Spot Fleet Diversification
Diversify spot to avoid interruption.
Overview
Spot fleet diversification spreads capacity across instance types and availability zones so the loss of any one pool does not collapse the workload. Without diversification, spot savings come with the recurring cost of mass interruption.
- Spread across instance types. A fleet limited to one family interrupts together when capacity tightens. Mix at least 4 to 6 compatible types.
- Spread across AZs. Spot pools are per-AZ. Spanning 3 AZs in a region is the floor, not the ceiling.
- Capacity-optimized allocation. The capacity-optimized strategy chooses pools with the deepest available capacity rather than the cheapest, which trades a small price premium for a much lower interruption rate.
- Quarterly review. Spot price and interruption patterns change. A quarterly review catches drift before it becomes outage shape.
The approach
The practical approach pairs diversification across two axes with a documented policy that explains the trade-off so the next operator does not undo the design.

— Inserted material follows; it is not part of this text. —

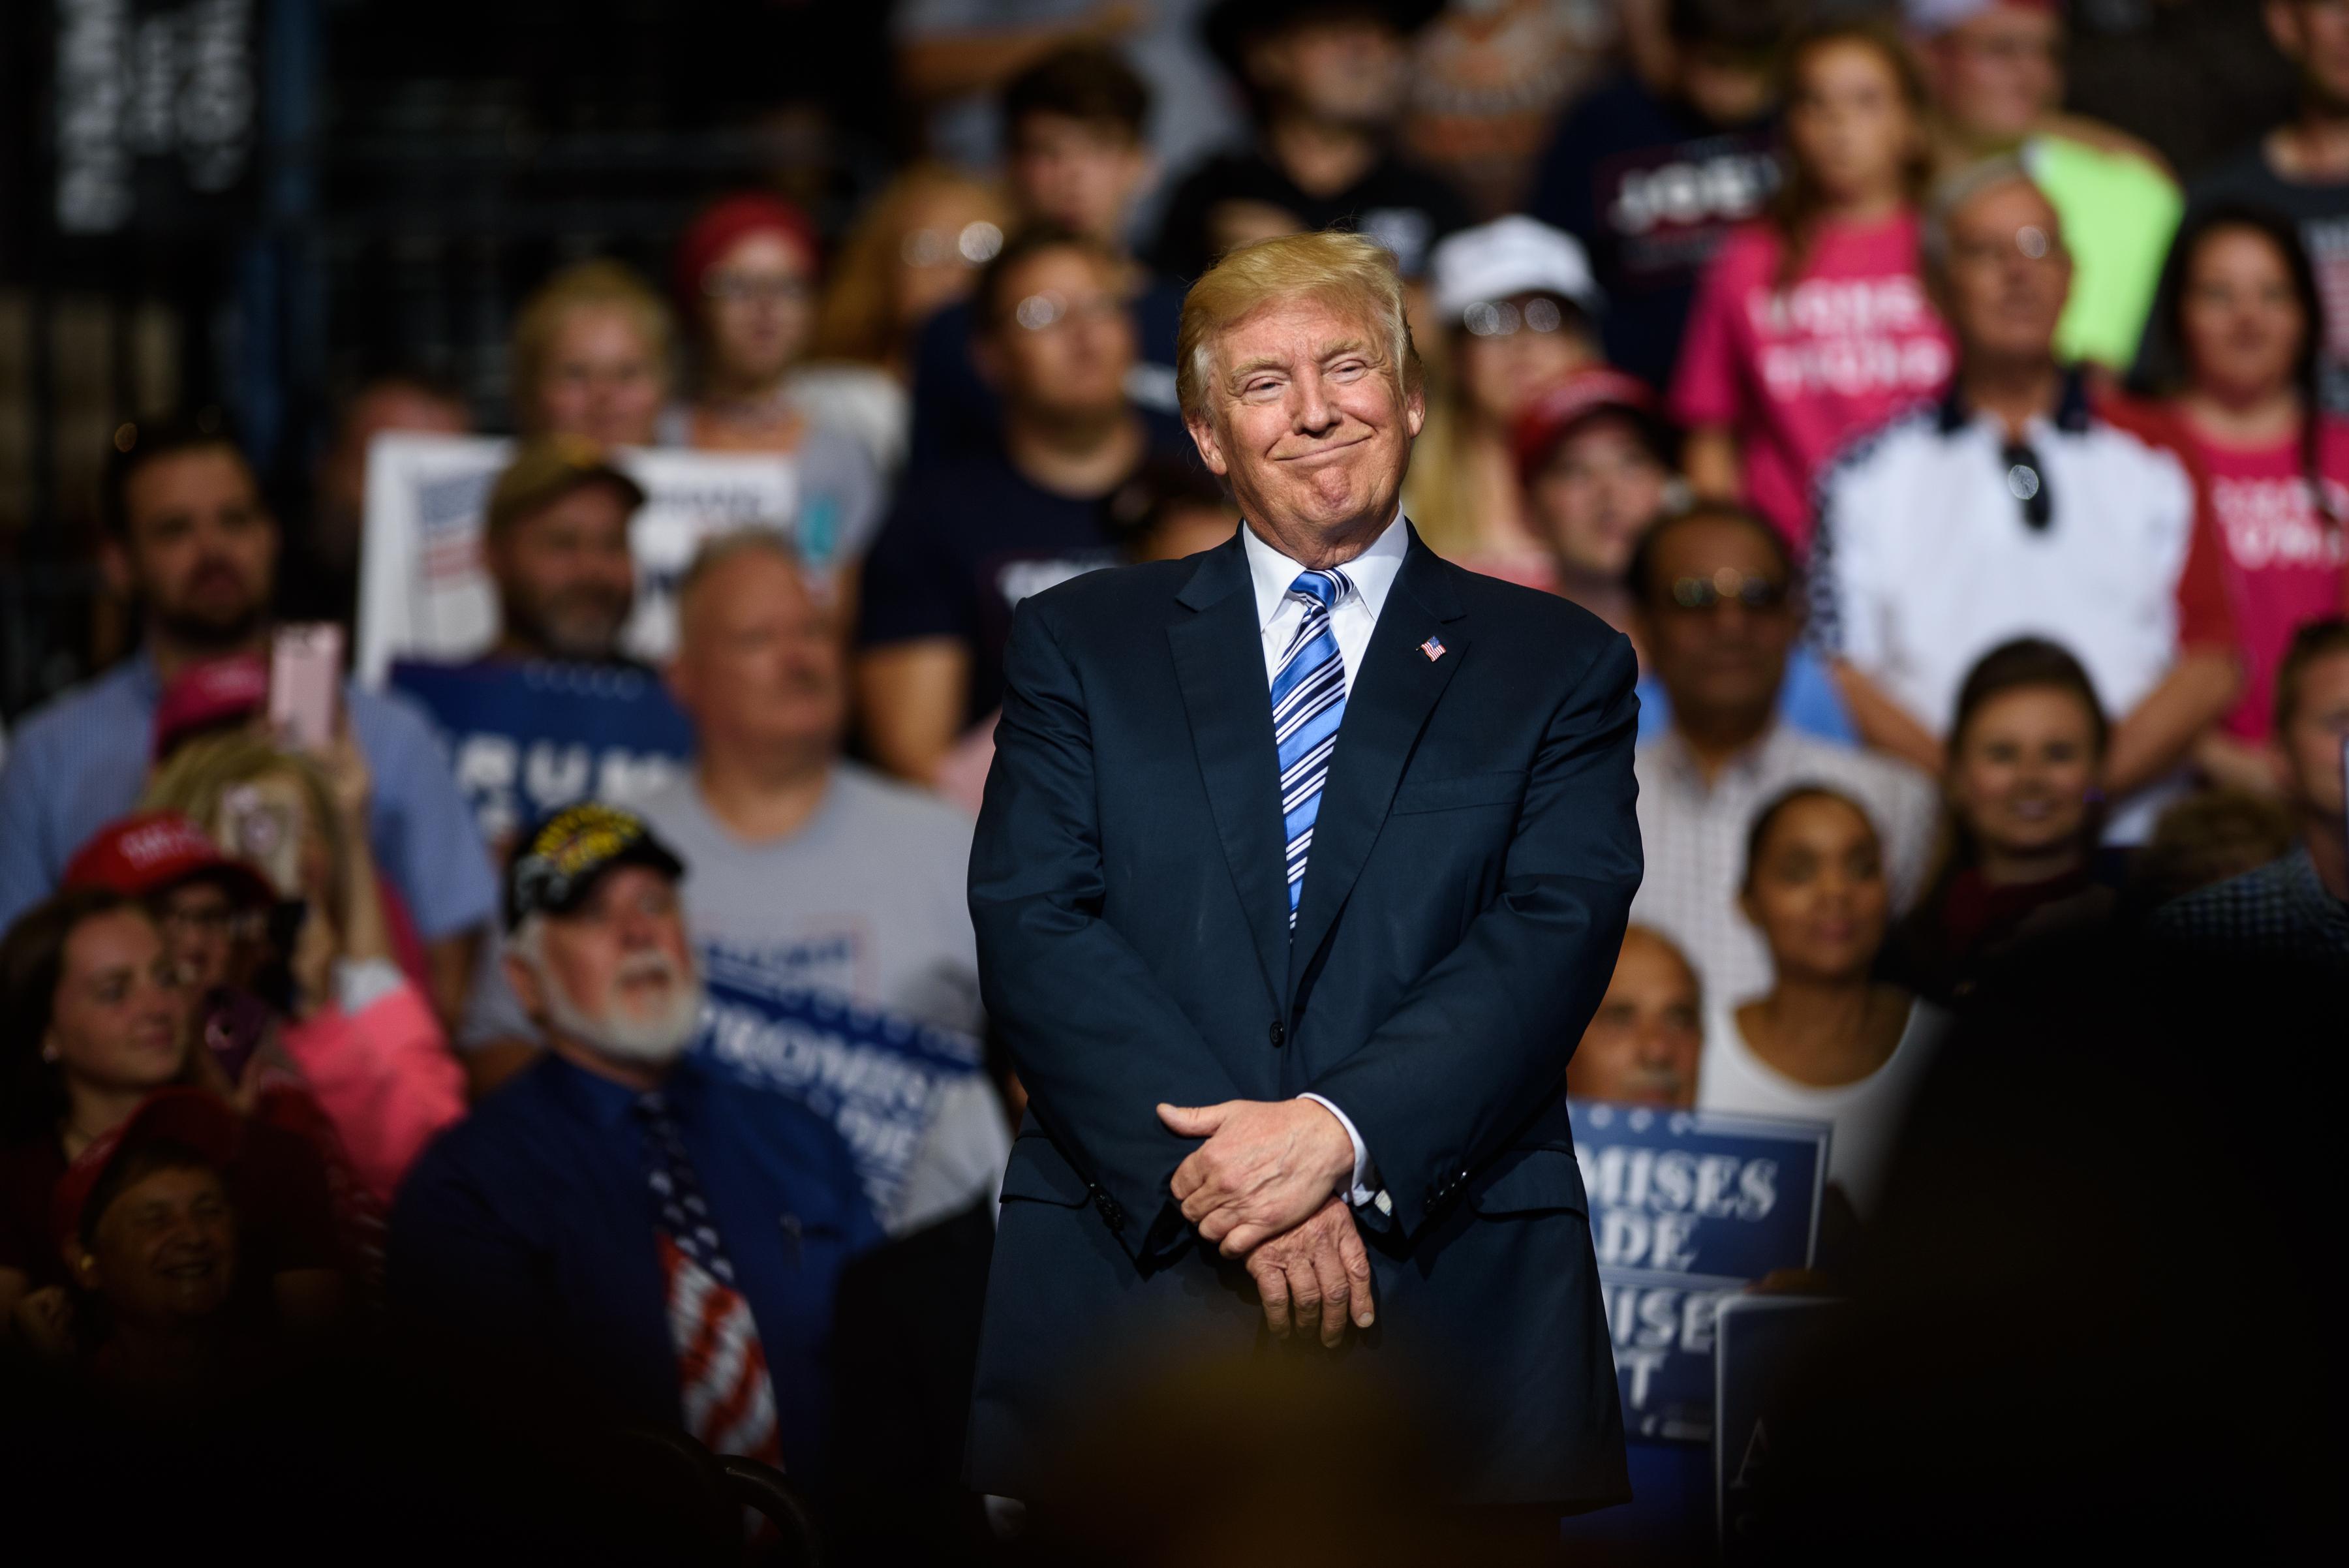 President Trump Holds Rally In Huntington, West Virginia

- Per-fleet instance mix. Define the eligible instance types in code. CI rejects fleet definitions with fewer than 4 types unless an exception is granted.
- AZ spread. The fleet spans every AZ that hosts the workload. Single-AZ fleets are a deliberate exception, not the default.
- Capacity-optimized strategy. Default the allocation strategy to capacity-optimized. Lowest-price is for short-lived batch jobs only.
- Documented rationale. The fleet config carries a comment explaining the diversification decision. Future operators inherit context, not just configuration.
Why this compounds
Each well-diversified fleet teaches the team a little more about how spot capacity behaves. The institutional knowledge survives the engineer who set it up.
- Reliability with savings. Diversification keeps the 70 to 90 percent cost savings spot offers while reducing interruption rate by an order of magnitude.
- Workload-matched strategy. Different workloads need different mixes. The team learns which workloads tolerate cheap-pool churn and which need capacity-optimized.
- Cross-team reuse. A diversified fleet template becomes the starting point for the next service. The first fleet is investment; the next ones are routine.
- Quarterly compounding. Each review tunes the mix. After a year, the fleet definitions are mature and the interruption rate drops to background noise.